We spent the remainder of the flight giddily getting to know one another and Cedar was so calm and curious and lovely the entire time. We both found her so charming and witty and adventurous. She had been a single mom since her children were little and now they are grown, one living in India and the other a white water rafting instructor at Tahoe. She shared how important it was to her that they grew up with a sense of adventure and knowing how big the world is out there. When they were young, their family would take trips to places just because there was a deal on a flight. It didn't matter where...they just went. She was in her early 60's now and was applying to National Forests all around our country so that she could experience living and working in the woods. I couldn't get enough of her wild stories. She was so inspiring.
While we were sharing about one another's lives, she would take Cedar from me at the very moment I needed her to without me asking. She was so in tune with me, having traveled for years with little ones herself (and now as a grandmother). I felt nurtured and cared for and listened to. Cedar fell in love with her. He stroked her face and kissed her cheeks (wide mouth baby kisses) and laughed at her adorable and joy-soaked voice. Cedar also smiled at all who sat around us and I saw a calm wash over them when they looked in his eyes.
While we were landing, the woman had shared with me that someone in her family adopted and how special that little boy is. It was then that I shared Cedar was adopted too. She took a deep breath in and with her hand over her heart, big juicy tears welled up in her eyes. She said; "He is so very special and you two were so meant for one another. That is very clear to me." I then broke down in tears and laughter and no more words needed to be said between us. We wiped our tears and she patted her hand on my knee and we both nodded and I held Cedar tight as we landed. Before walking off of the plane, we exchanged emails and hugged.

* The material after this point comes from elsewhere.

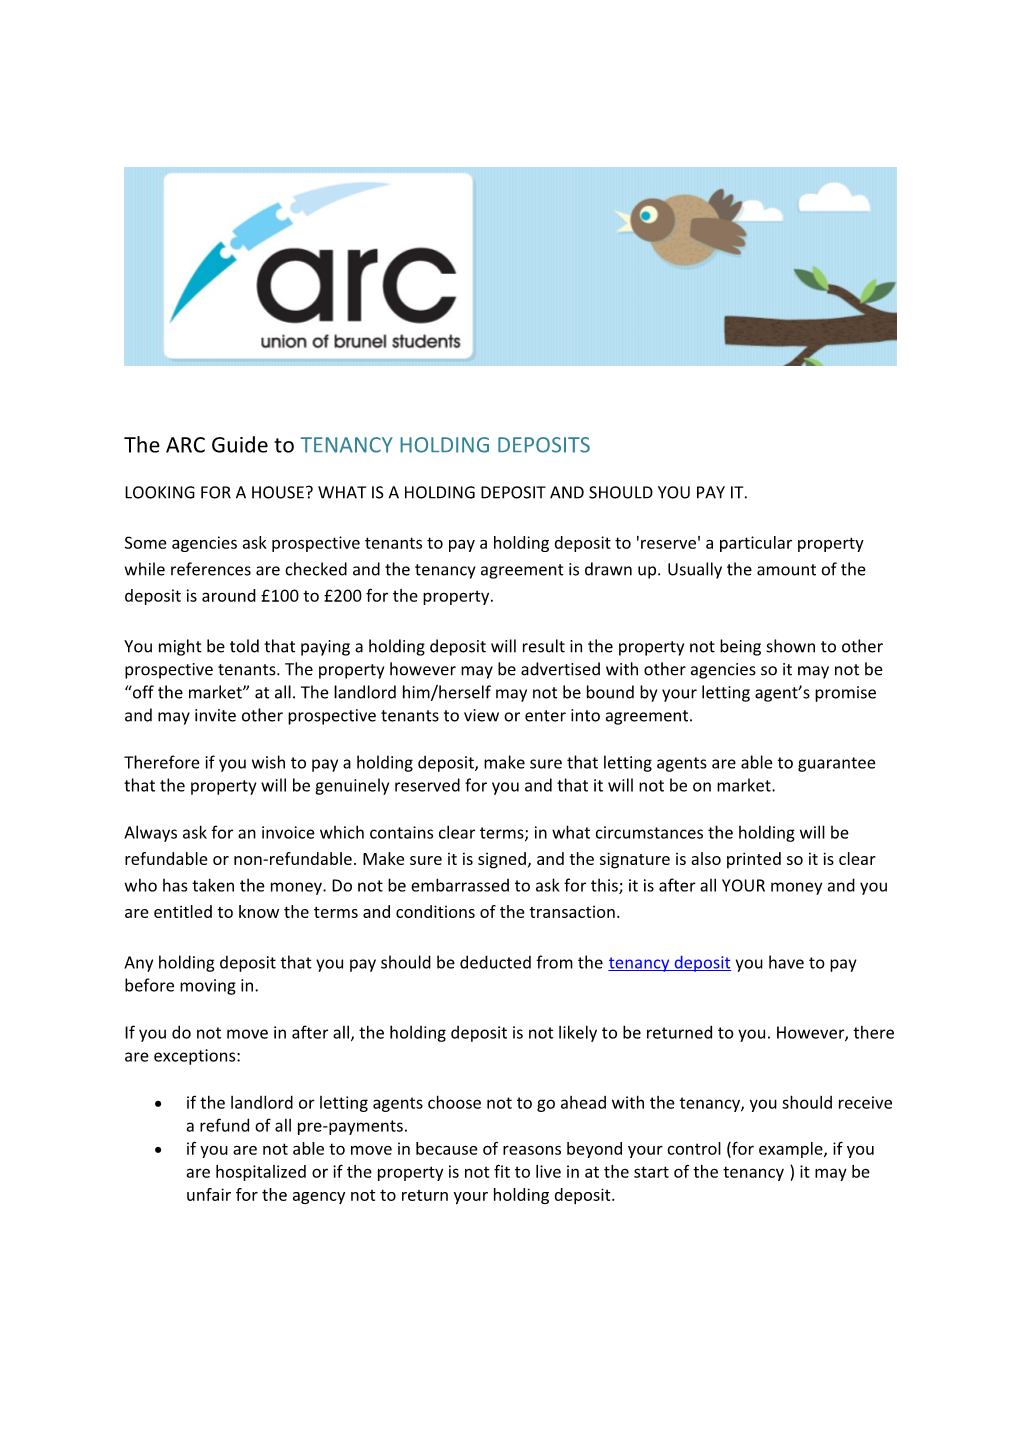 The ARC Guide to TENANCY HOLDING DEPOSITS

I couldn't help but notice how healing Cedar was. To the old man in line. To the woman sitting next to us. To the flight attendants. To the teenagers sitting behind us. To the man in a suit and his laptop in front of us. I saw walls come down at just one gaze in his soulful eyes. This is something I will never get used to and always cherish when it comes to his gentle spirit.
What a brave and healing person he is. I feel so honored to have been chosen as his mother.
Will share about the sweet time with my family soon.